Arg. 9. But if none of the former Considerations can prevail, I hope these two last may, unless all sense and tenderness be lost. Consider therefore in the 9th place, That Drunkards are in Scripture marked out for Hell: the Characters of Death are upon them. You shall find them pinioned with other Sons of death, 1 Cor. 6. 9, 10. Know ye not, that the unrighteous shall not inherit the Kingdom of God? Be not deceived: Neither Fornicaters, nor Idolaters, nor adulterers, nor effeminate, nor Abusers of themselves with Mankinde, nor Thieves, nor Covetous, nor [Drunkards,] nor Revilers, nor Extortioners, shall inherit the Kingdom of God. Oh dreadful thunderbolt! He is not asleep but dead, that is not startled at it. Lord, how are guilty sinners able to face such a Text as this is! Oh Soul! Darst thou for a superfluous Cup adventure to drink a Cup of pure unmixed [Page 19] wrath? Oh think when the Wine sparkles in the glass, and gives its colour, think, I say, what a Cup of trembling is in the hand of the Lord for thee. Thou wilt not now believe this; Oh but the day is coming, when thou shalt know the price of these brutish pleasures.
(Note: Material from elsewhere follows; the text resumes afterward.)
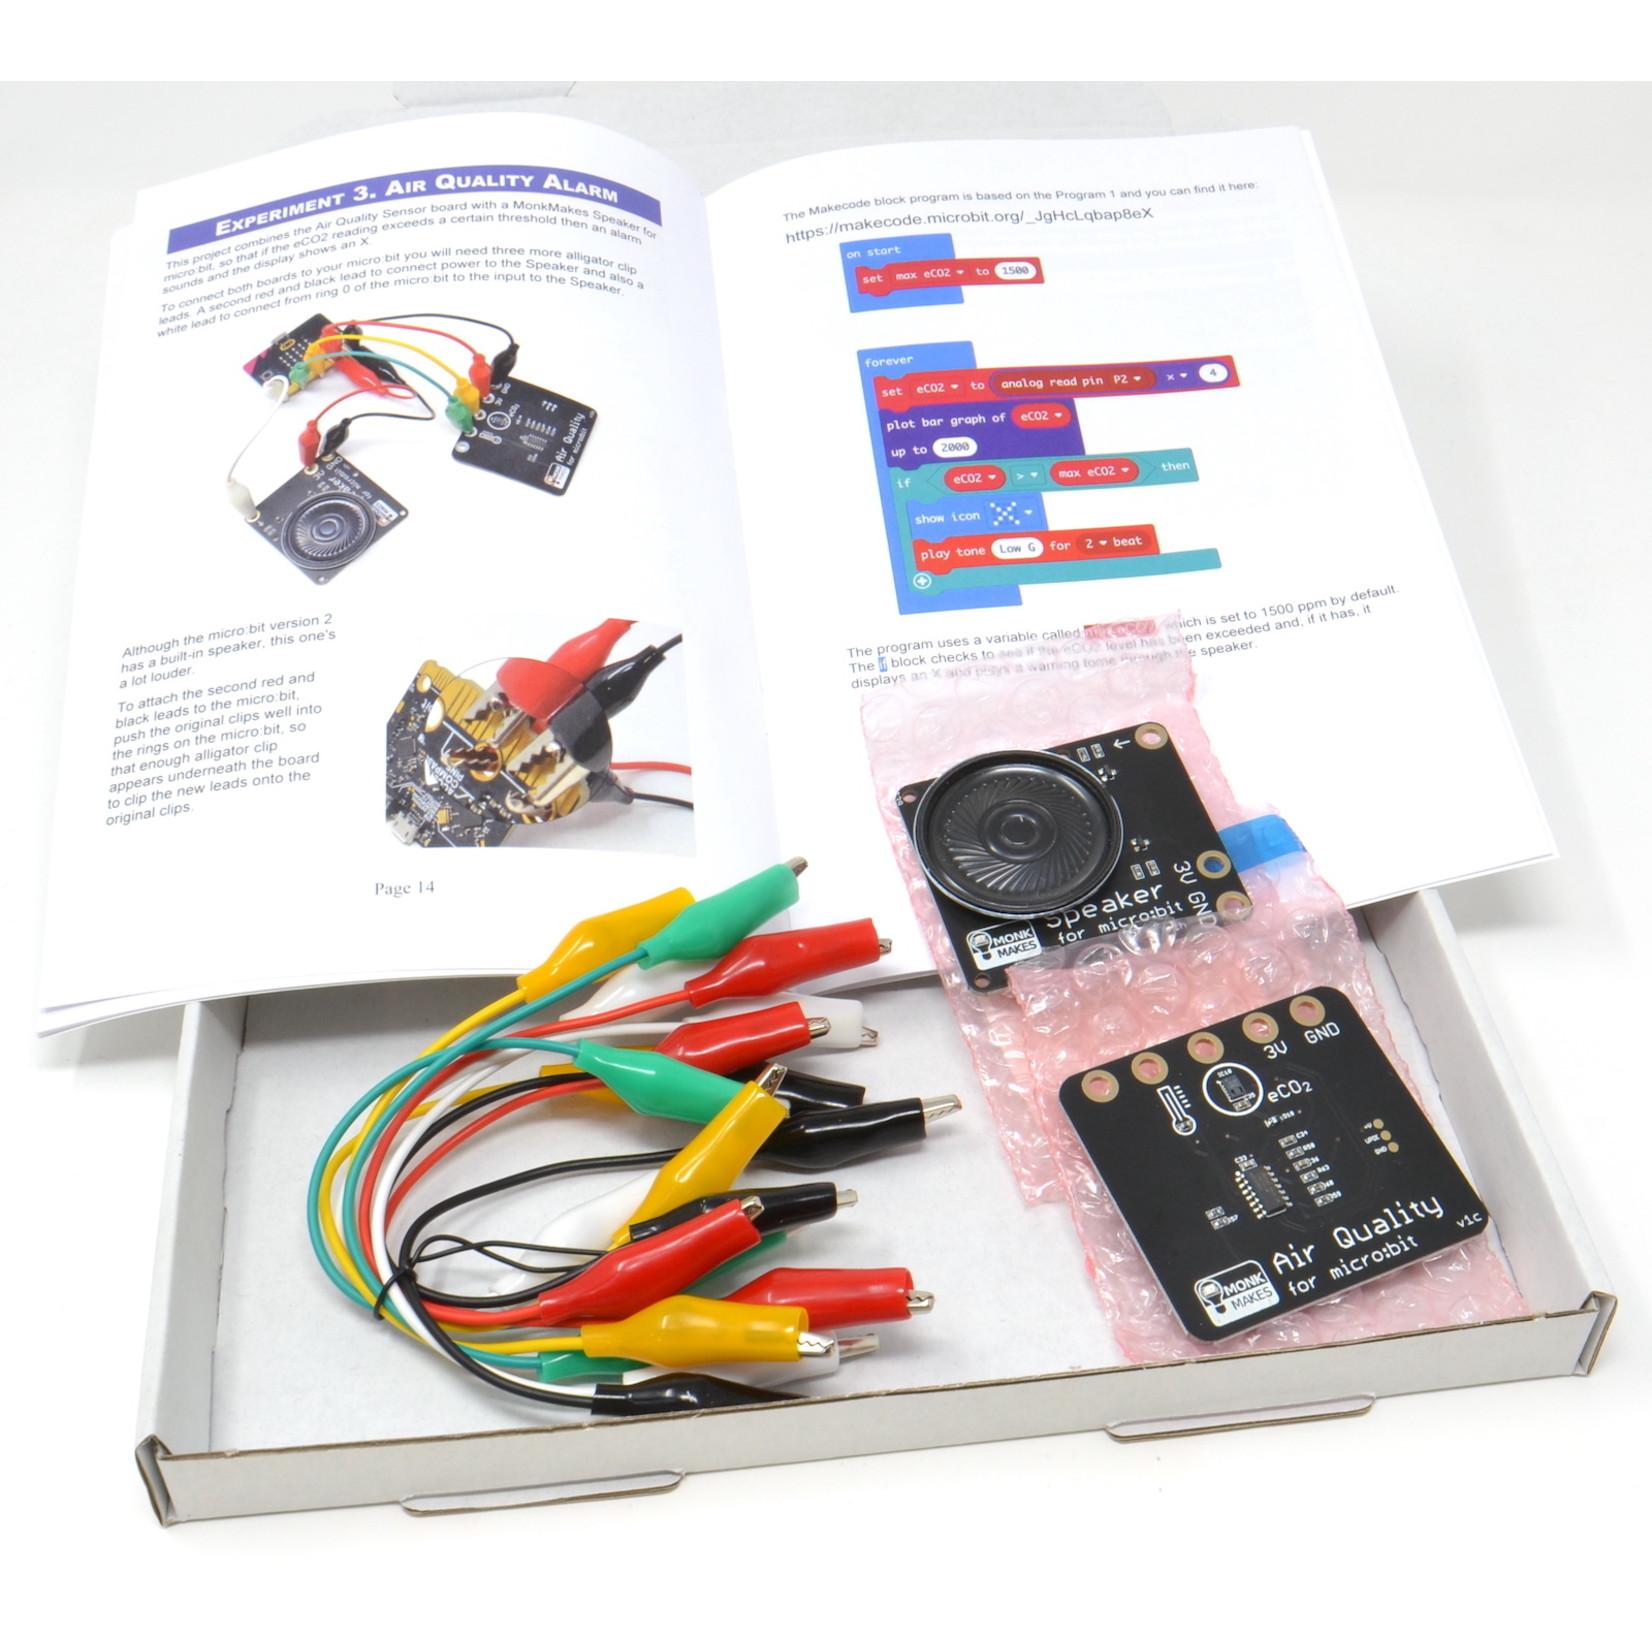 MonkMakes Kit de qualité de l'air pour micro:bit
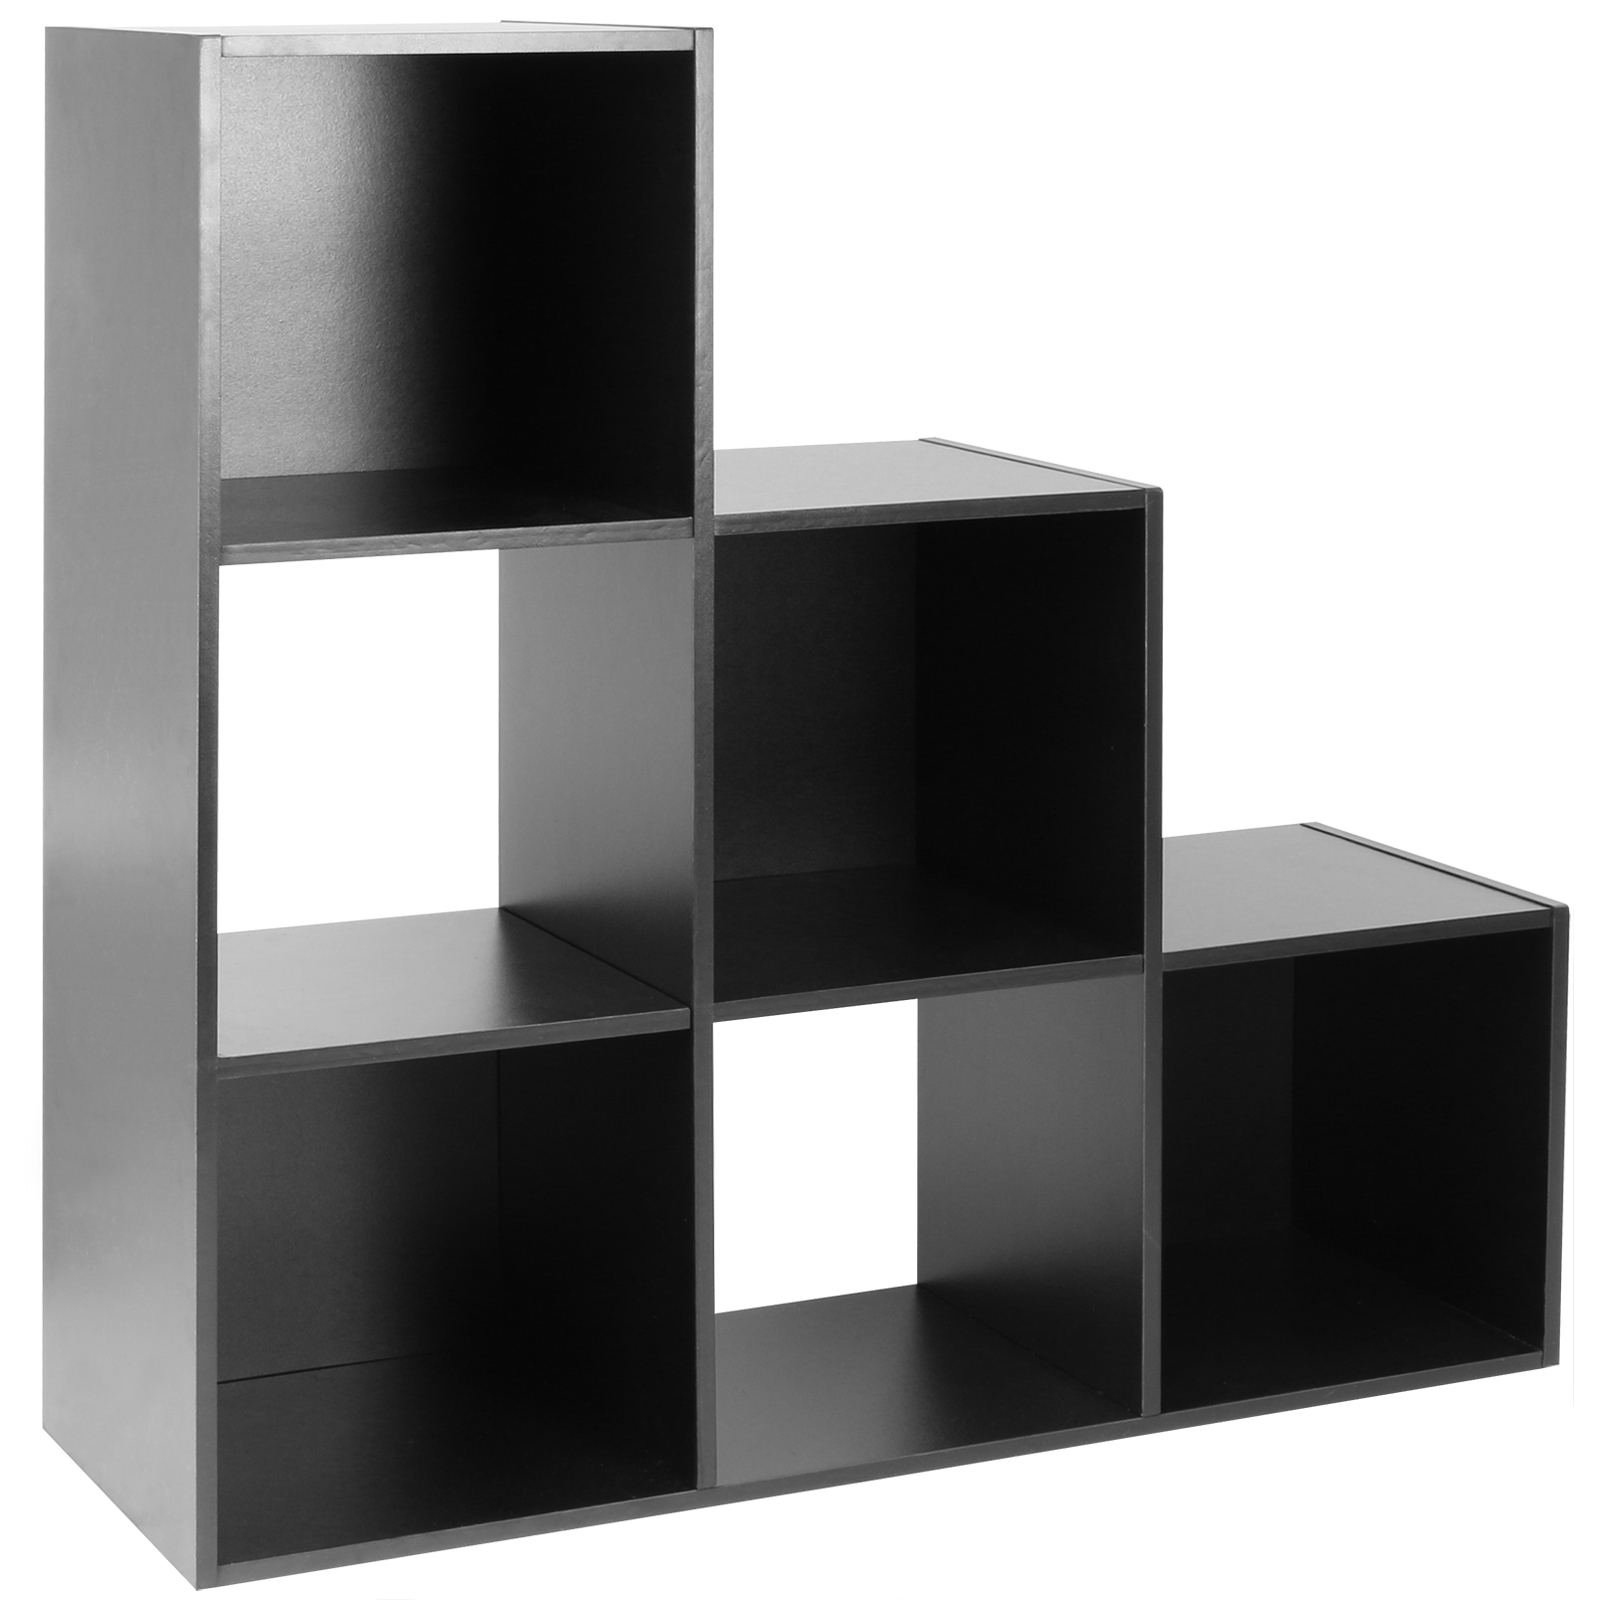 sale hartleys black 6 cube storage shelving 3 tier shelf. Black Bedroom Furniture Sets. Home Design Ideas

Oh it will then sting like an Adder. Ah! this short-lived beastly pleasure is the price for which thou sellest Heaven, and rivers of pleasure that are at Gods right hand.
Obj. But I hope I shall repent, and then this Text can be no bar to my Salvation.
Sol. True, if God shall give thee Repentance, it could not. But in the last place, to awaken thee throughly, and startle thy secure Conscience, which Sensuallity hath brawned and cauterized, let me tell thee.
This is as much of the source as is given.